In [5]:
# Install dependencies
!pip install transformers datasets torch -q

import os
os.environ["WANDB_DISABLED"] = "true"  # Disable wandb

from transformers import AutoModelForCausalLM, AutoTokenizer, Trainer, TrainingArguments
from datasets import Dataset
import torch

# Load pretrained GPT-2 model and tokenizer
model_name = "gpt2"
tokenizer = AutoTokenizer.from_pretrained(model_name)
model = AutoModelForCausalLM.from_pretrained(model_name)

# Fix: Add pad_token if missing
if tokenizer.pad_token is None:
    tokenizer.pad_token = tokenizer.eos_token
    model.resize_token_embeddings(len(tokenizer))
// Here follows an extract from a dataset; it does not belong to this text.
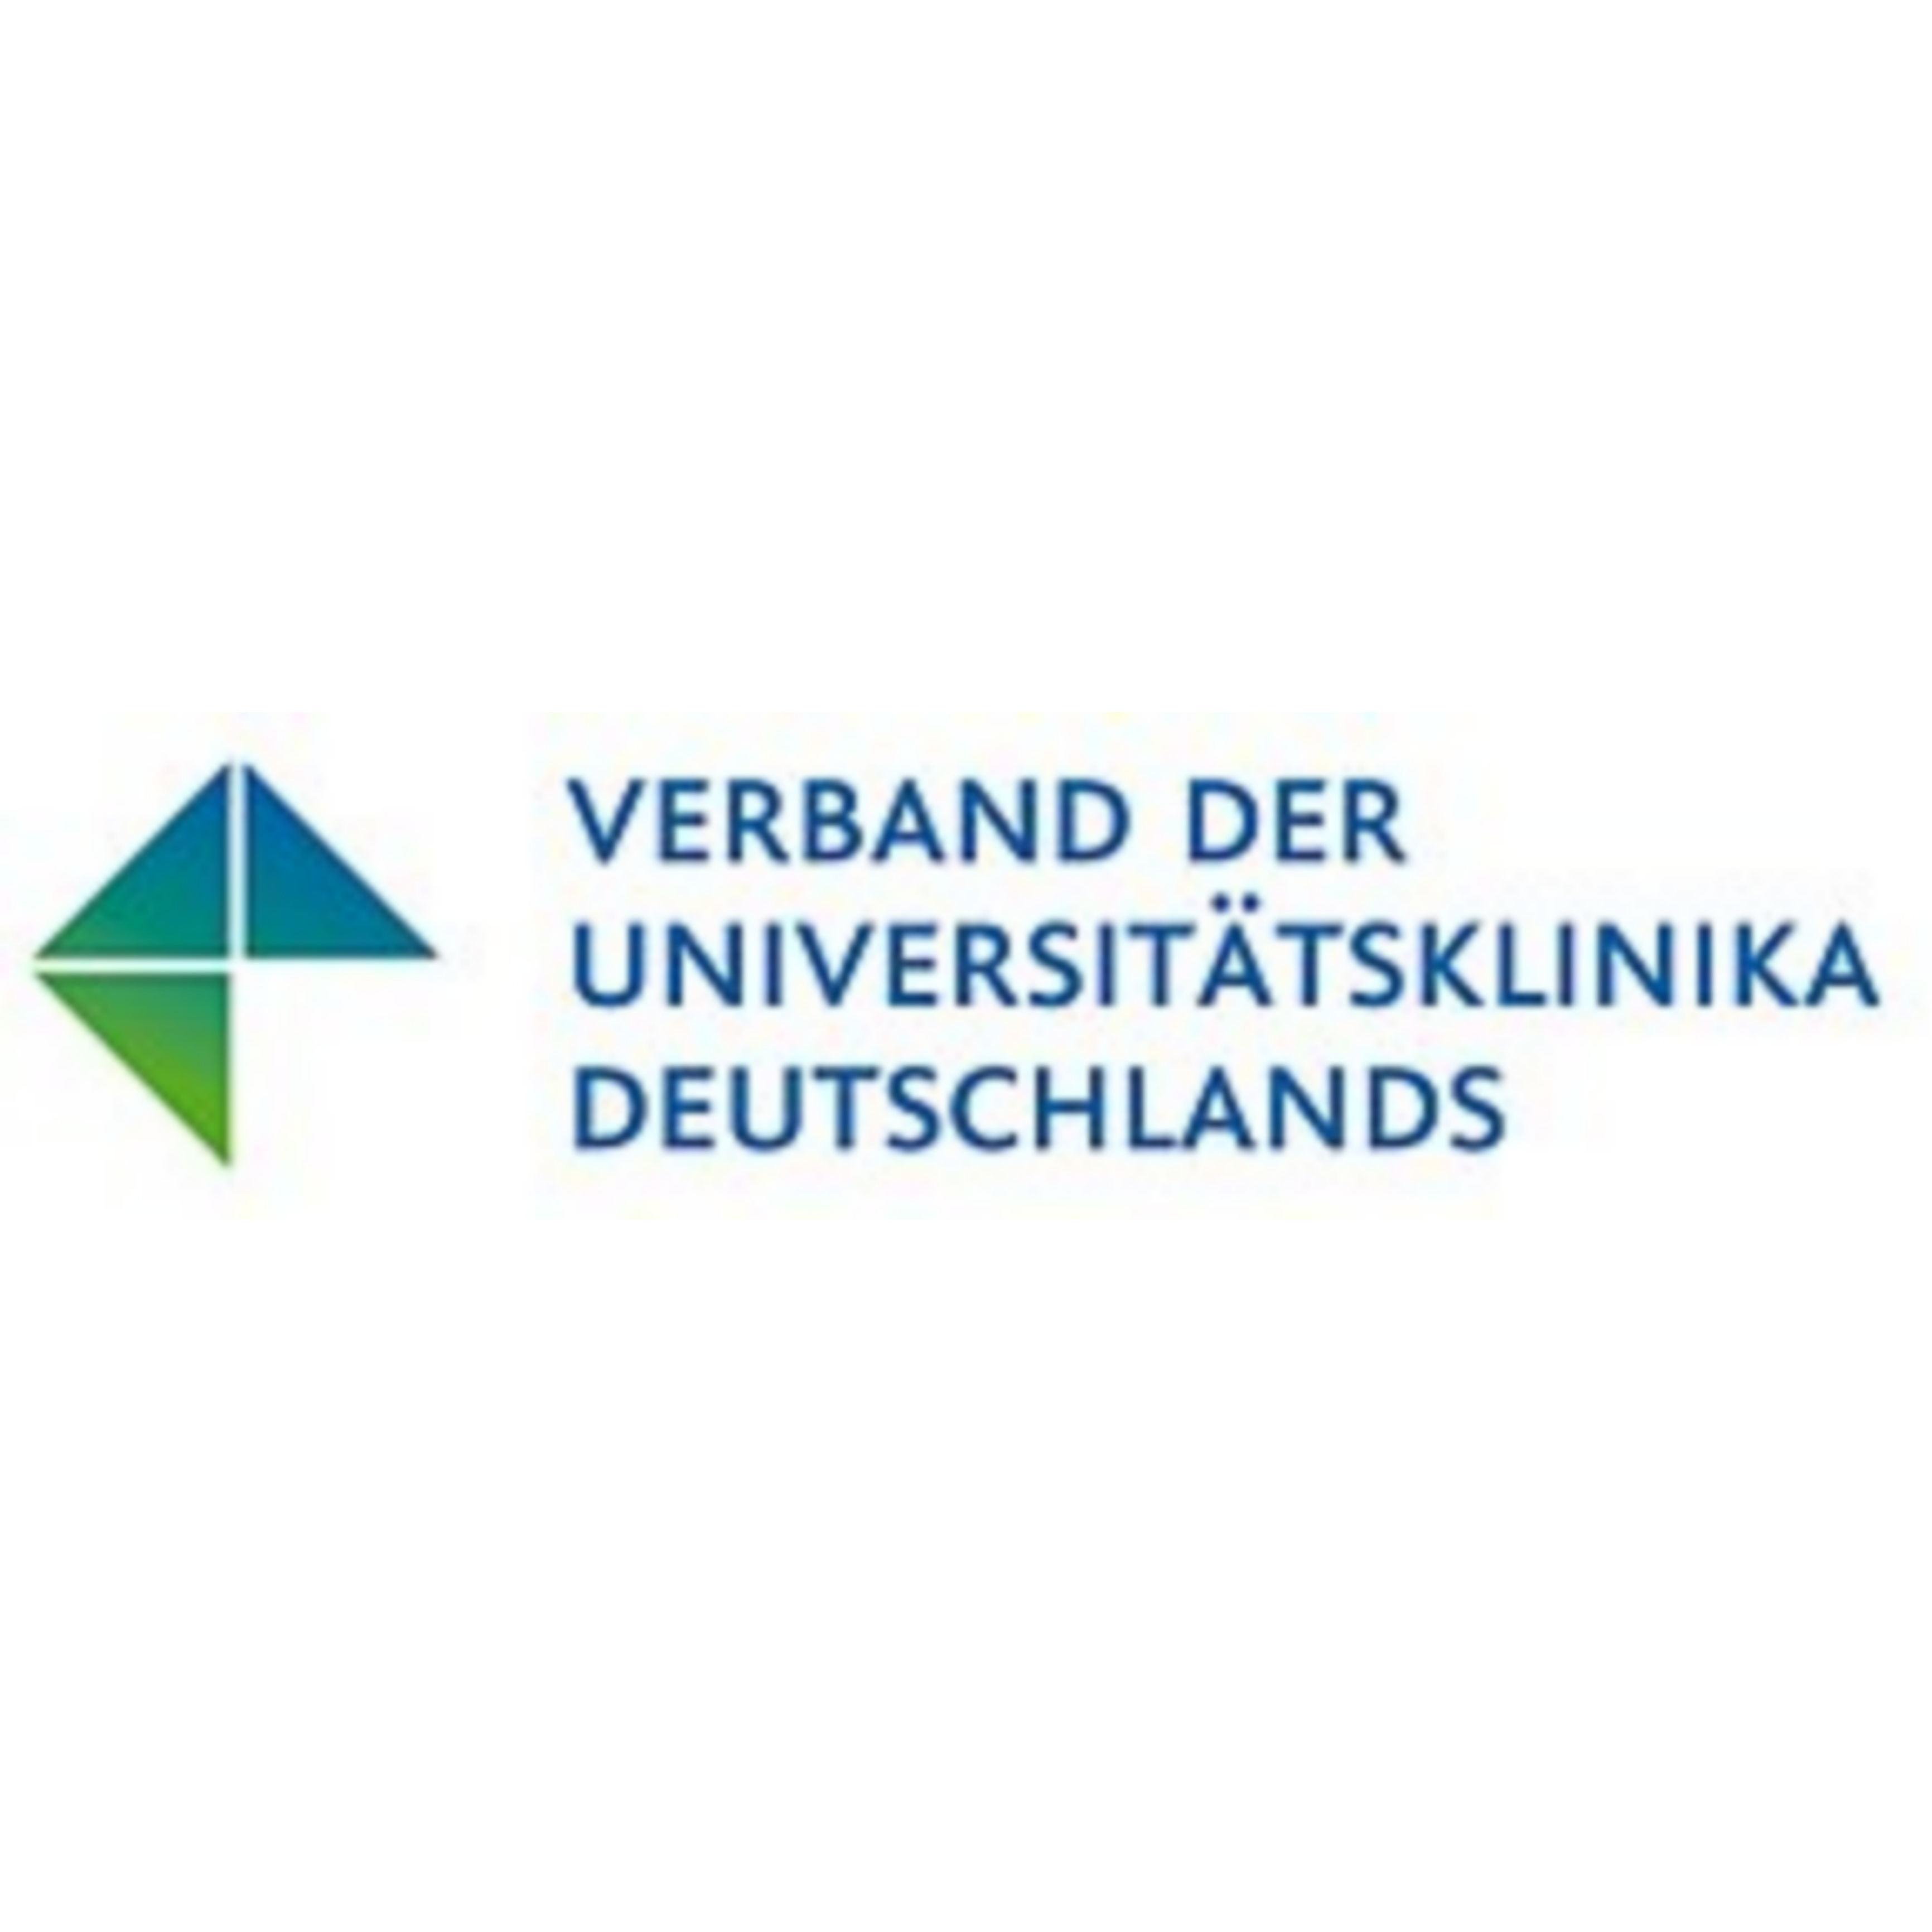 Zu sehen ist das Logo des Verbands der Universitätsklinika Deutschlands. Es handelt sich um eine Wort-Bild-Marke in den Farben grün und blau.

# Prepare small custom dataset
custom_data = [
    {"text": "The Open Source community has greatly accelerated the development of LLMs."},
    {"text": "Fine-tuning pretrained models can save significant resources."},
    {"text": "Deployment of optimized models requires less computational power."}
]
dataset = Dataset.from_list(custom_data)

# Tokenize and add labels
def tokenize_fn(example):
    tokens = tokenizer(example["text"], truncation=True, padding='max_length', max_length=128)
    tokens["labels"] = tokens["input_ids"].copy()
    return tokens

tokenized_dataset = dataset.map(tokenize_fn)

# Fine-tuning setup
training_args = TrainingArguments(
    output_dir="./results",
    num_train_epochs=3,
    per_device_train_batch_size=2,
    logging_steps=1,
    logging_dir='./logs',
    save_strategy="epoch",
    report_to="none"
)

trainer = Trainer(
    model=model,
    args=training_args,
    train_dataset=tokenized_dataset
)

# Train the model
trainer.train()

# Inference
prompt = "Leveraging open-source models"
inputs = tokenizer(prompt, return_tensors="pt")

device = torch.device("cuda" if torch.cuda.is_available() else "cpu")
model.to(device)
inputs = {k: v.to(device) for k, v in inputs.items()}

outputs = model.generate(**inputs, max_length=50)
generated_text = tokenizer.decode(outputs[0], skip_special_tokens=True)

print("Generated text:", generated_text)


Map:   0%|          | 0/3 [00:00<?, ? examples/s]

Step,Training Loss
1,9.5202
2,6.511
3,4.4482
4,3.1391
5,1.9115
6,1.2573


Setting `pad_token_id` to `eos_token_id`:50256 for open-end generation.


Generated text: Leveraging open-source models of the future.